We believe we are obligated to be shepherds of this technology – to do our part to push crypto towards fulfilling its potential. We strive to be an objective, reasonable, well-intentioned voice of truth amongst a chorus of biased, fallacious, pernicious opportunists. It’s an honor that we take seriously.

To that end, crypto prices were decidedly lower in February, a continuation of the weak price action in January which was a continuation of the weak price action from Q4. I ended last month’s letter with this warning –

“Wish I had better news for you, but I don’t. If you were looking to deploy additional capital into crypto in the near term, I’d wait for lower prices. I really doubt this thing runs away from you.”

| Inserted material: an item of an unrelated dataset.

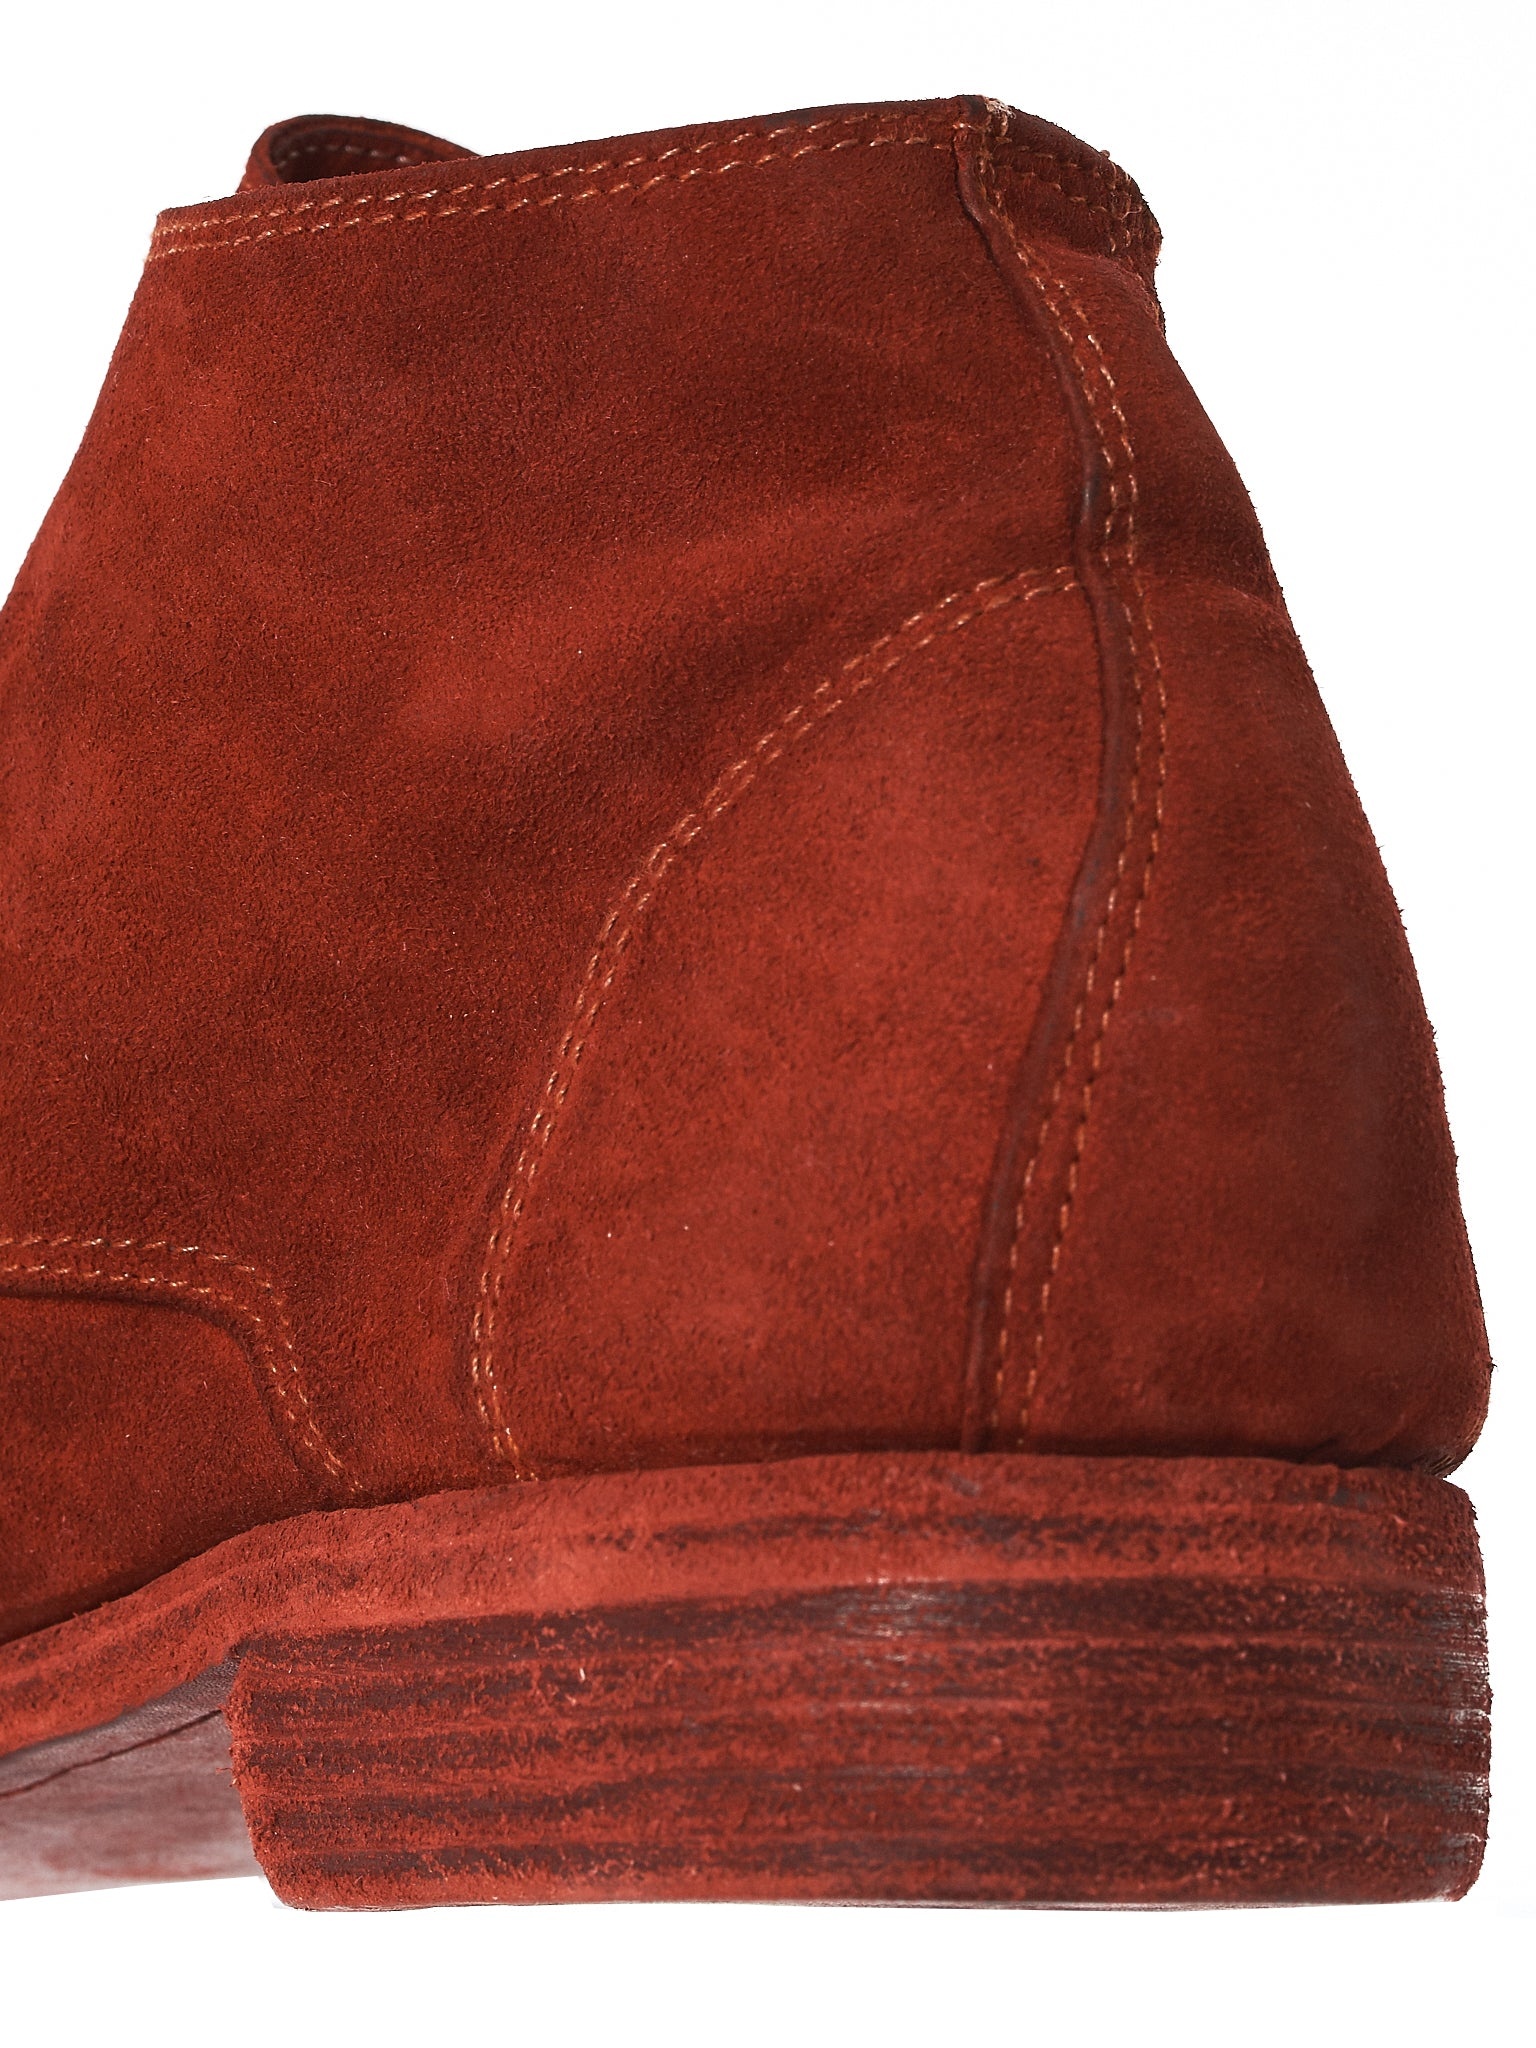 Suede Dyed Leather Boots - 4

That played out pretty aggressively in Feb: BTC -15%, ETH -20%, SOL -20%. YTD BTC/ETH/SOL are down 23/34/32%.

This ugly price action in crypto occurred with a relatively subdued traditional markets backdrop. Stocks were down marginally (albeit with significant rotation under the indexes). Gold and silver were up 8% and 10%. VIX about flat. Yields a bit tighter. The crypto weakness was pretty much contained to crypto.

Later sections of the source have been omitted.